Sunday, February 10, 2019

Quisset Wildlife Management Area - Mendon MA

Round Meadow Brook is a principal tributary of the Mill River, which joins the Blackstone River in Woonsocket. The brook's headwaters form a pleasant little valley that you drive into from the north. There is a good sized conservation land there, full of rock piles, and I have barely scratched the surface. At the beginning, driving in and passing Quisset Hill, I feel there are rock piles to my left, then I see them behind houses:
It is a natural location: the brow of a hill, looking west out over a wet valley.

Continuing to the dead end, I parked, and from the parking area went downstream (blue outline 'A'). I saw a few rock piles here and there, and nice stone walls, as shown previously. Here we look west across the brook to a small niche, and beyond a pile on a boulder:

I continue across and west up the hill (Inman Hill) and somewhere around blue outline 'B' there was another distinct site.
You see rock piles like the above, receding in a line to the right in the next picture. There are also piles along the edges of those bumps on the left.
Here we look back at those bumps, from another pile in the 'line'.
 The actual "bump":
Another pile, with better view of nearby walls. The walls are like the earlier ones but not as heavy.
Seeing vertical sided piles in many places, I was thinking these sites are calendrical ("marker" pile) sites. In most cases, within outline 'A', I did not see any lines or spacings that I associated with vertical sided piles. Now, part way up the hill, it did seem more like a typical "marker" pile site.

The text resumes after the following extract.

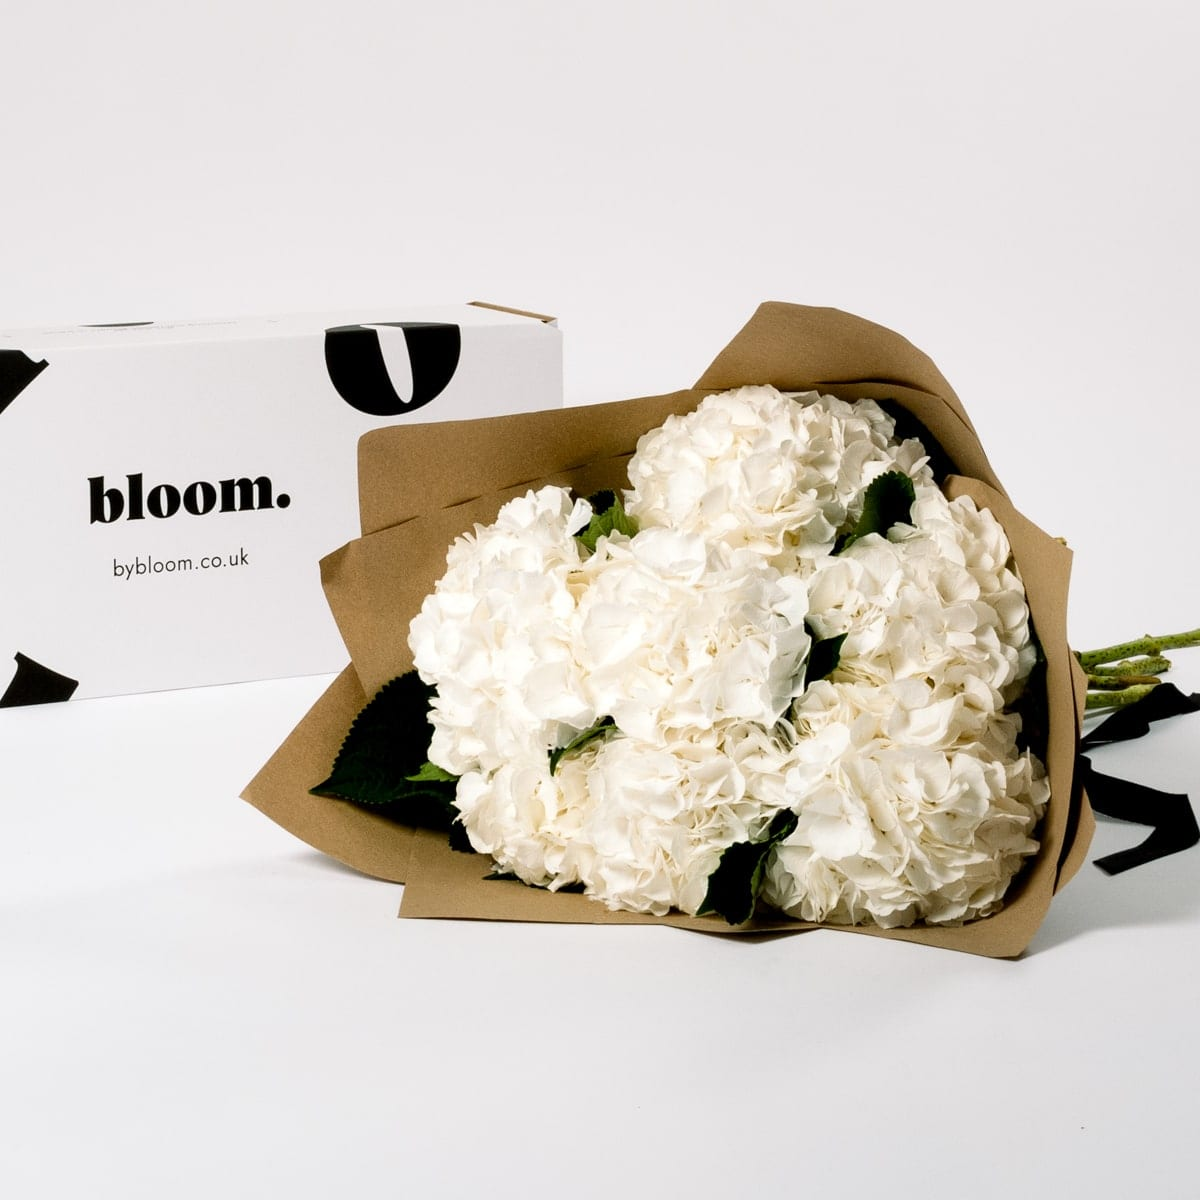 Bloom Flower Delivery   Cloud White Hydrangea

I did not get any higher on the hill and was worried about getting lost, so I swung around to my left and downhill, hitting the dirt road (dotted line on the map) and heading east back towards the entrance. There were larger mounds at 'C', which I will post about later. 

For now, let me comment that this "Meadow" is just one of dozens of similar topographies in the areas between hills like Quisset, Inman, Daniels, and Chestnut. Dozens of opportunities for exploration. If you live near, you should take advantage of what must be some pretty nice woods in there.


Curt Hoffman said...

Peter -
Which (if any) of these locations corresponds to the one you reported on last week? Is it location "C"? (no letters on the map)

pwax said...

The "When ancient trails become visible" is 'C', the rest 'A'.